• Data segment:

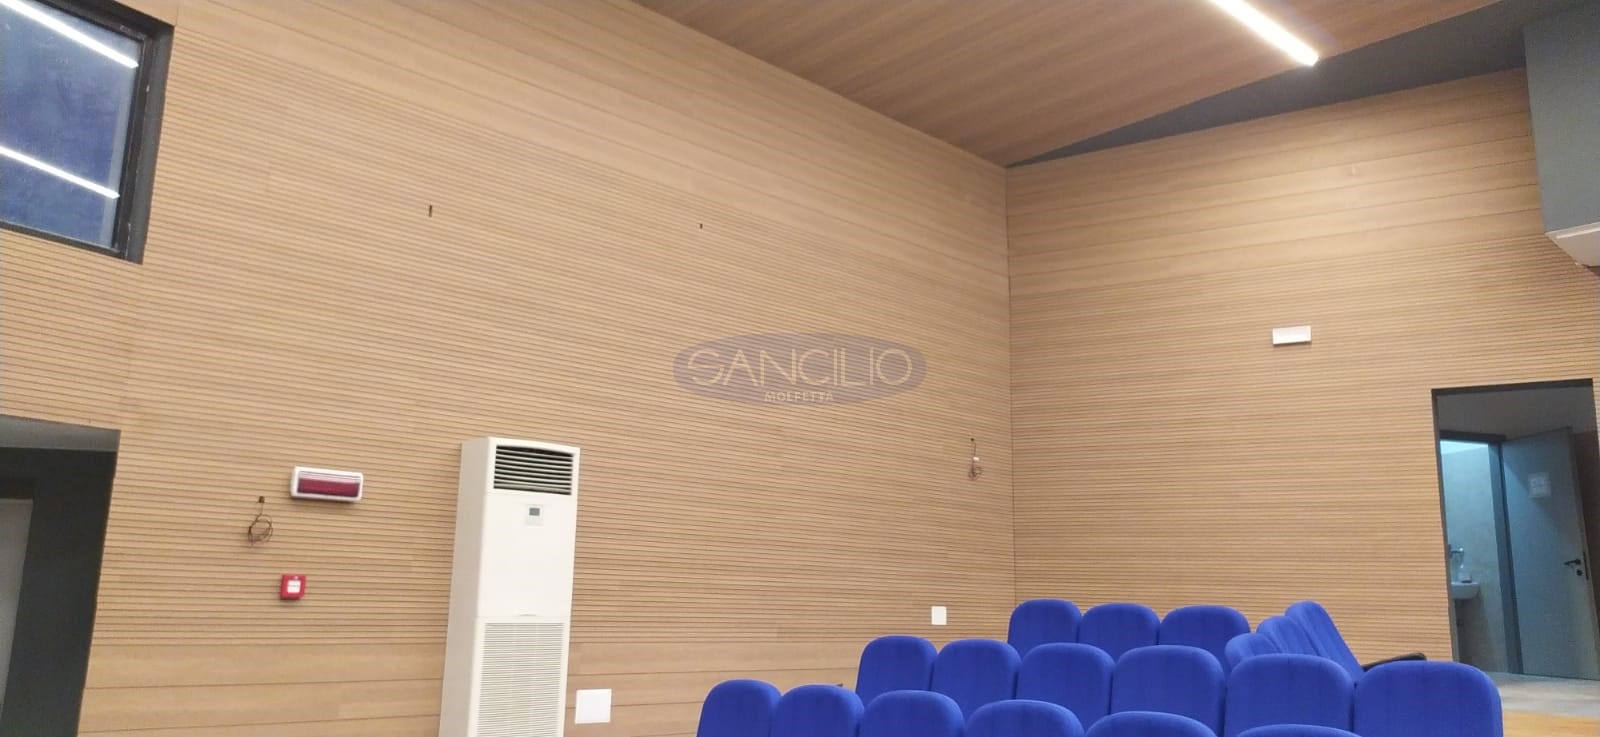 sancilio evotech molfetta - allestimento teatro cinema auditorium arredo rumore acustica fonoassorbenza progettazione sedute accettura
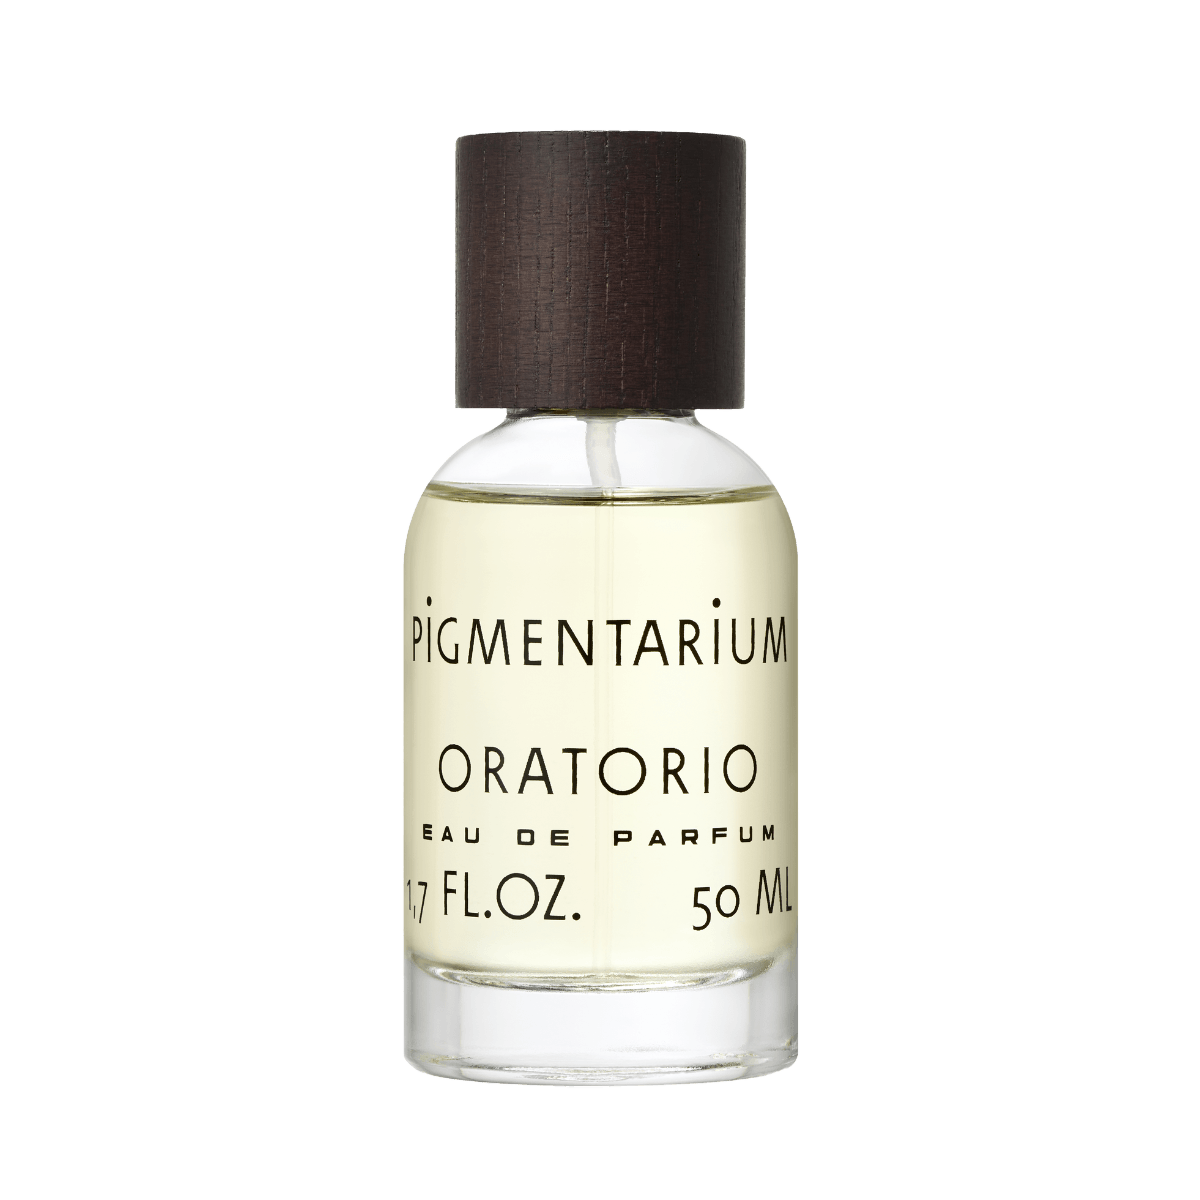 Image of Oratorio 50 ml eau de parfum by the perfume brand Pigmentarium
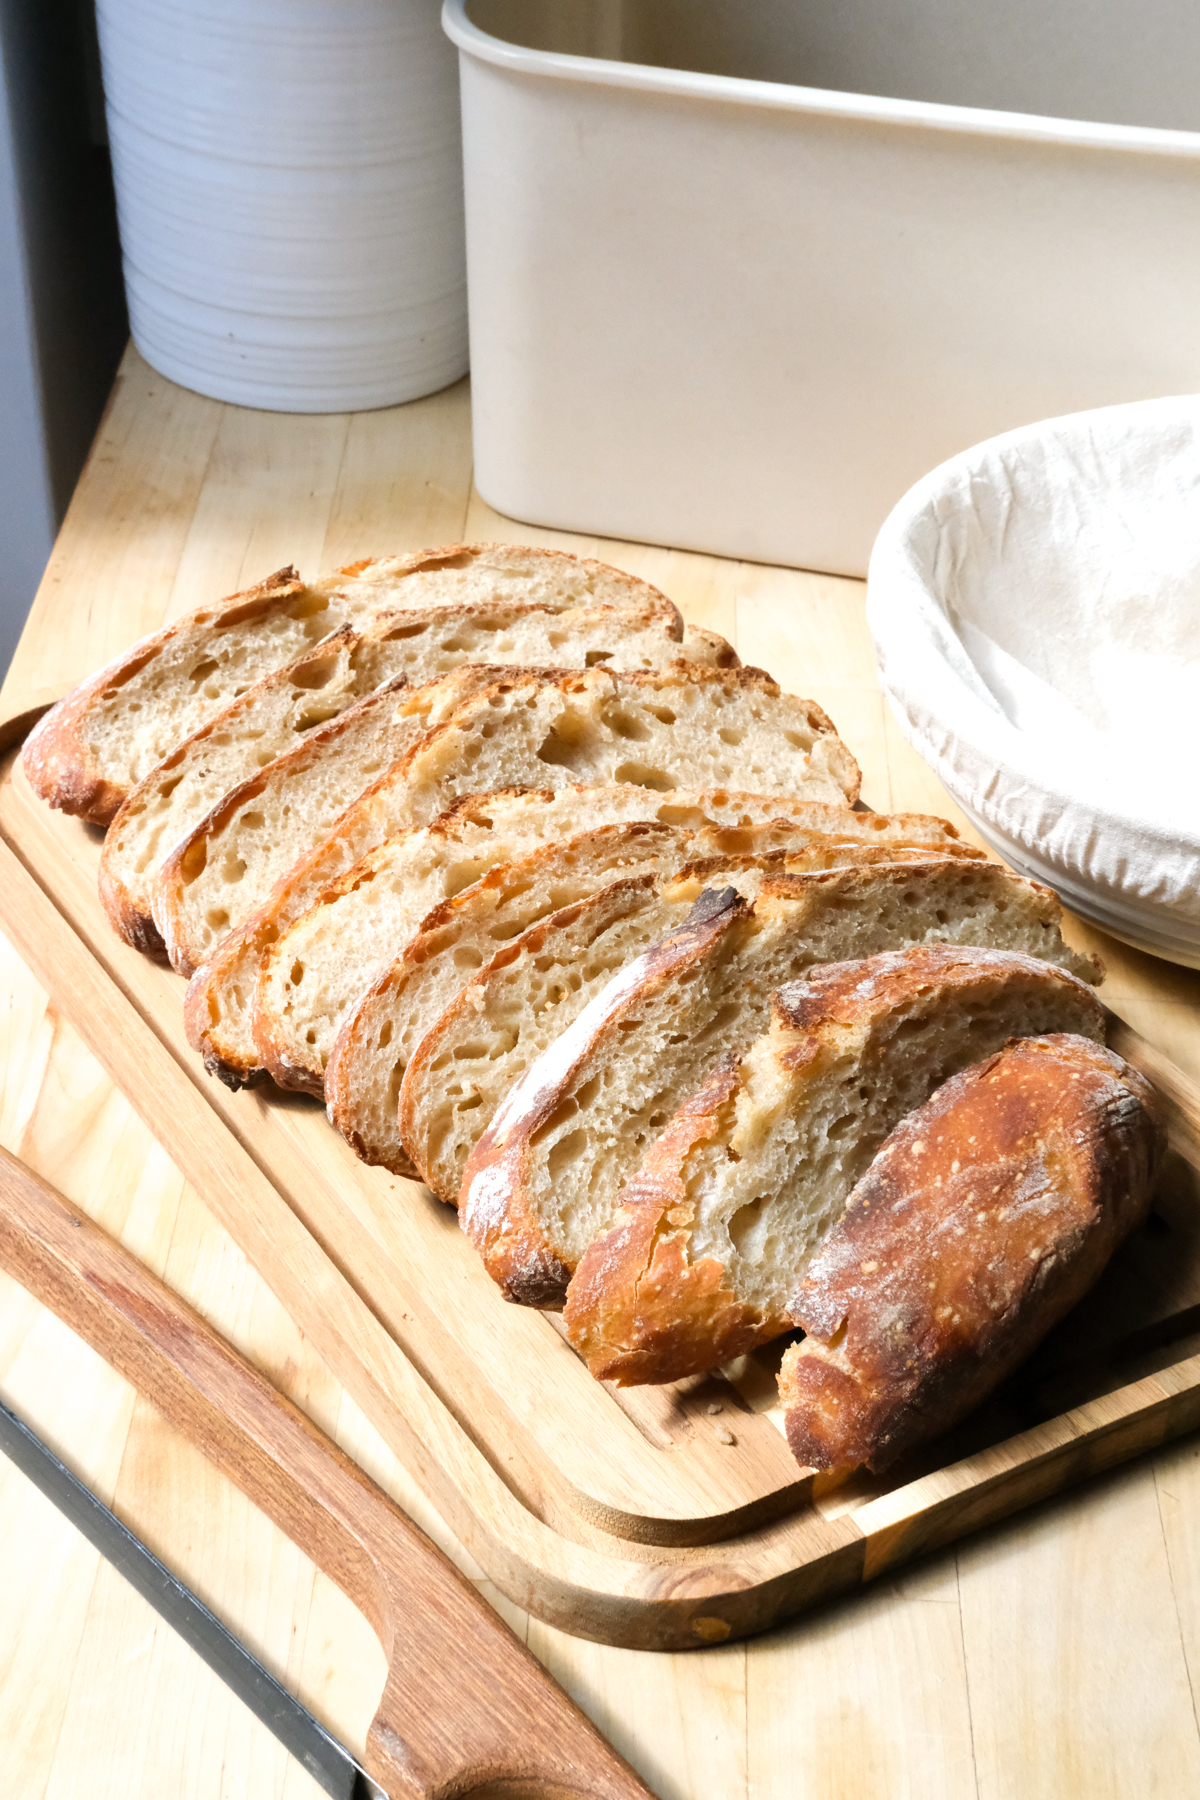 https://www.kierstenhickman.com/wp-content/uploads/2020/09/sourdough-bread-kit.jpg

• What you have to do: Your answer should hold only the lines from the one with "Image of Oratorio" through the final line of the listing above, transcribed exactly and without pictures.

• Solution to this task:
 Image of Oratorio 50 ml eau de parfum by the perfume brand Pigmentarium
 https://www.kierstenhickman.com/wp-content/uploads/2020/09/sourdough-bread-kit.jpg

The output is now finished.